==== Dataset excerpt

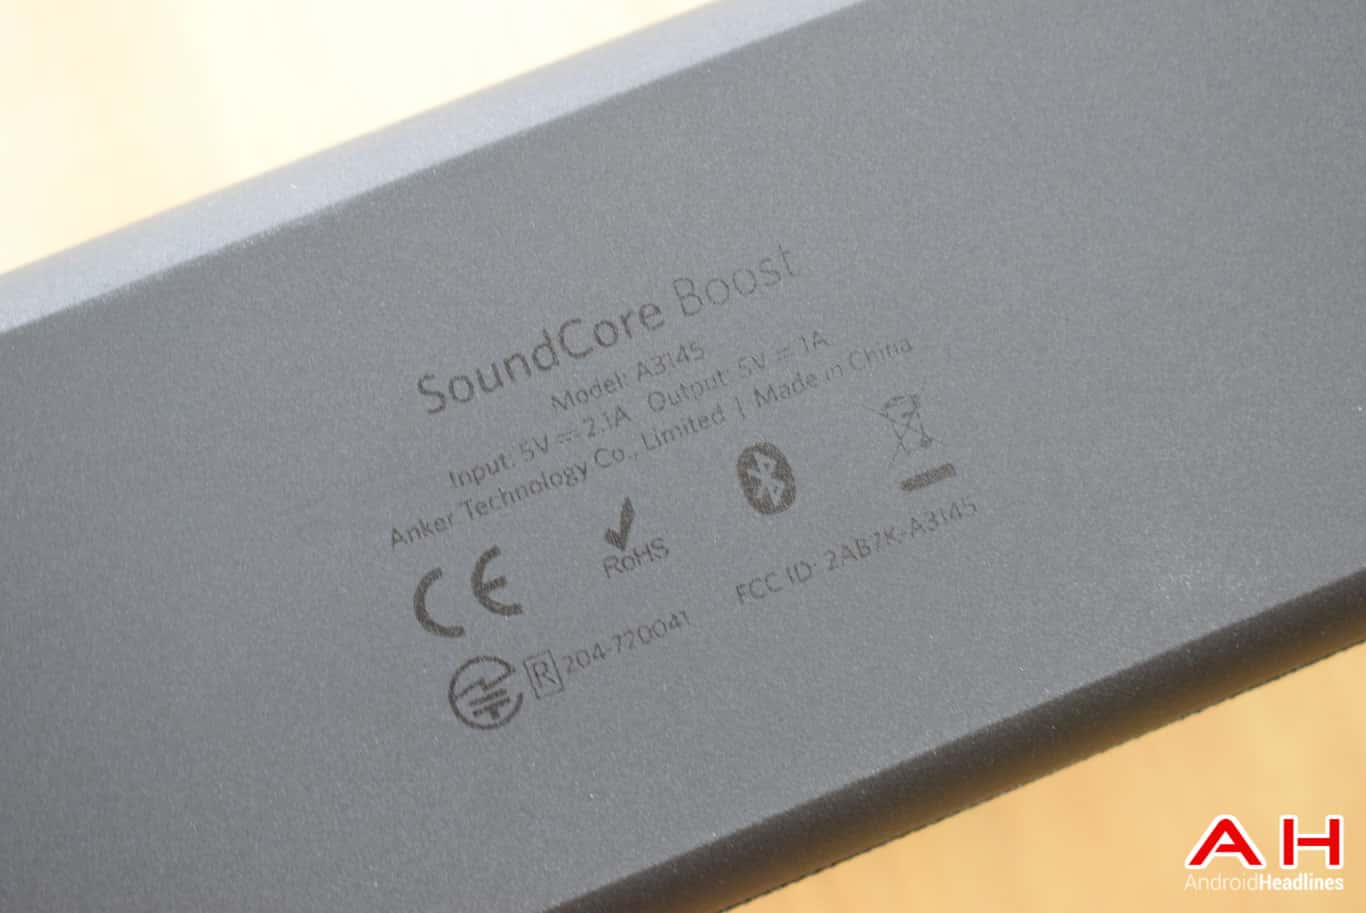 Anker SoundCore Boost AM AH 11
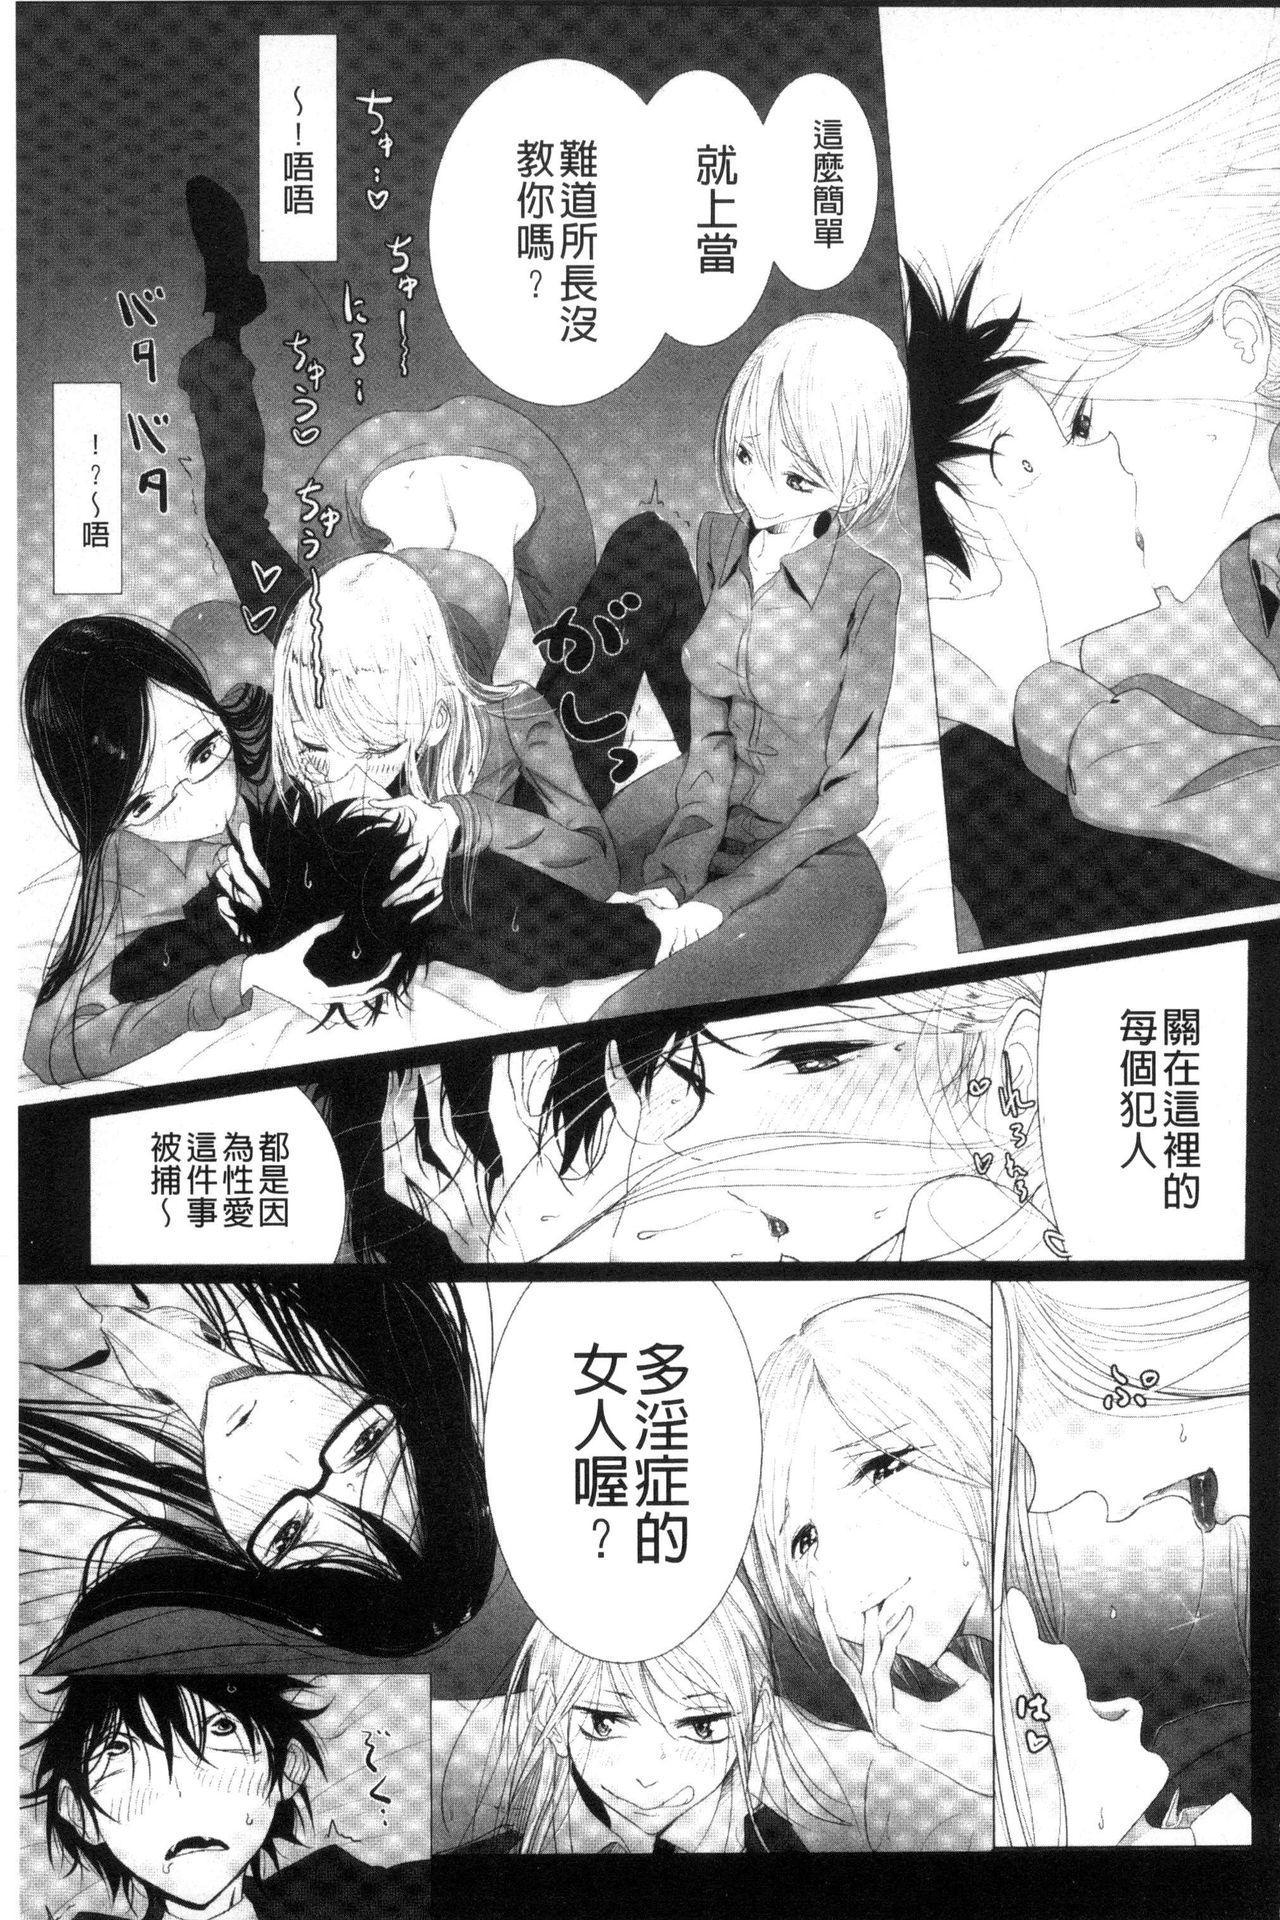 [Dhibi] Sono Yubisaki de Korogashite - Please Caress it at the Finger-tip. [Chinese] 160
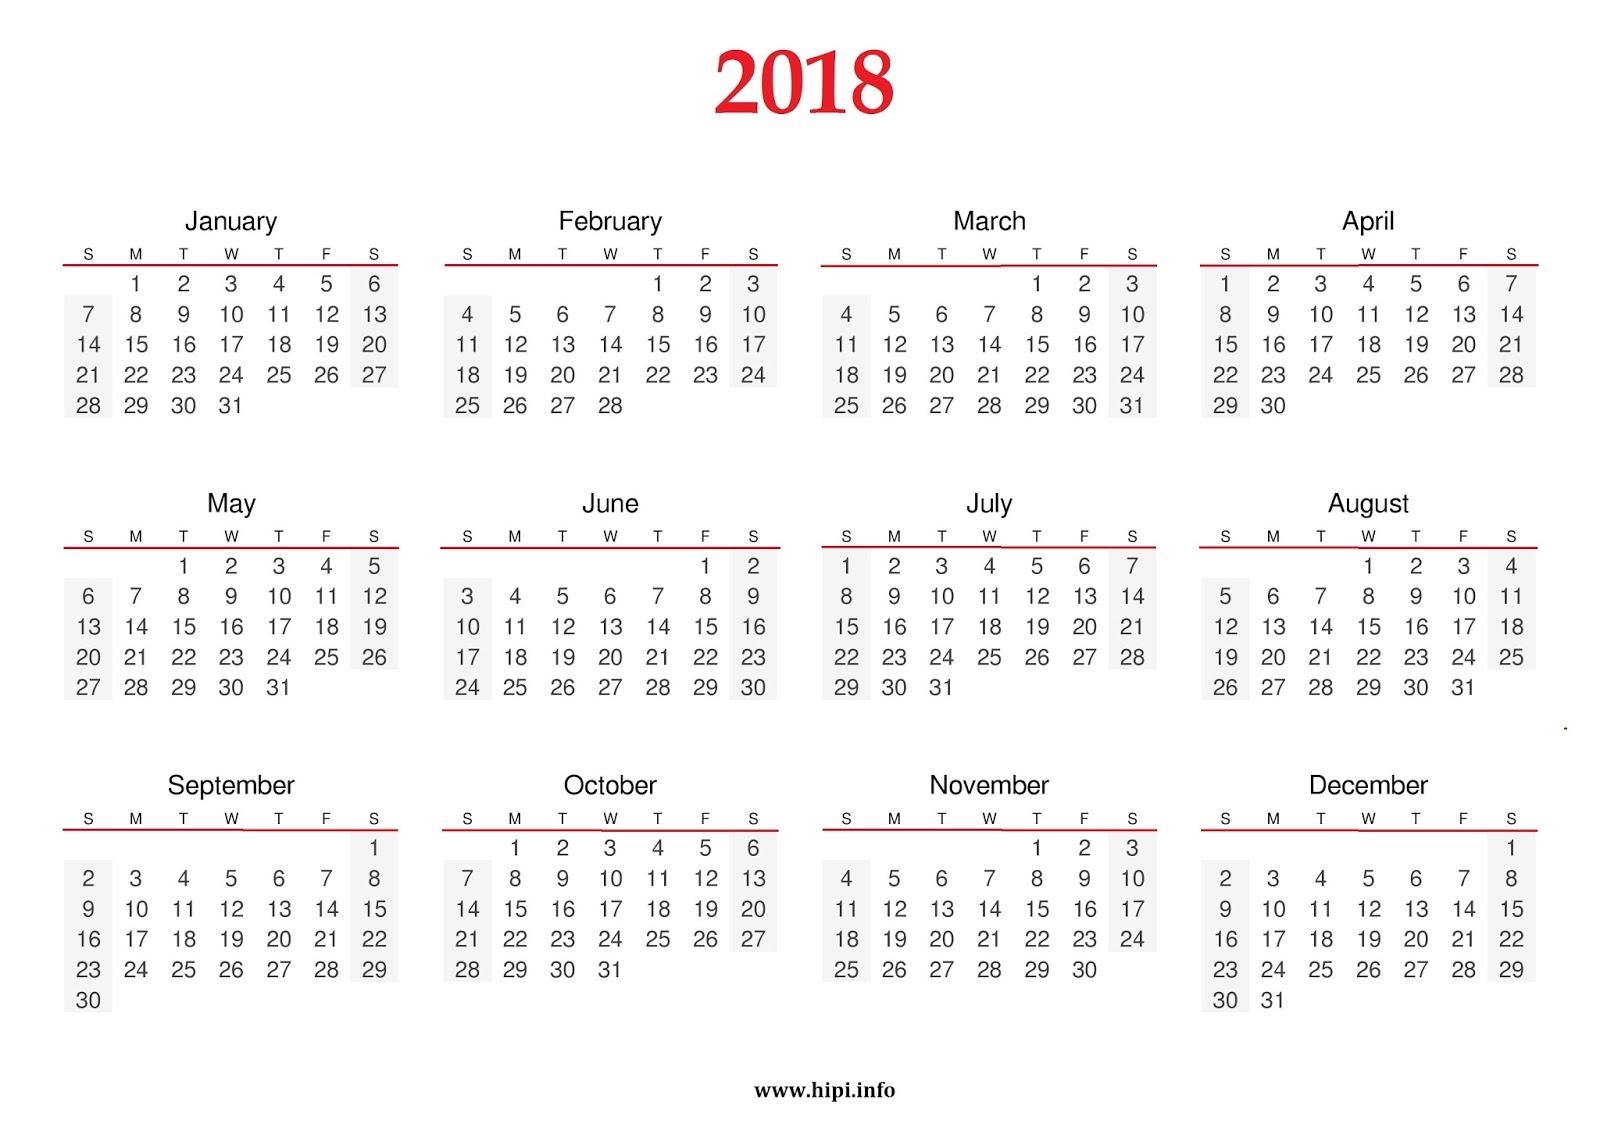 download 2018 calendar

========

Try it :: Output each line exactly as shown above; no pictures go in the copy.

Solution ::
 Anker SoundCore Boost AM AH 11
 [Dhibi] Sono Yubisaki de Korogashite - Please Caress it at the Finger-tip. [Chinese] 160
 download 2018 calendar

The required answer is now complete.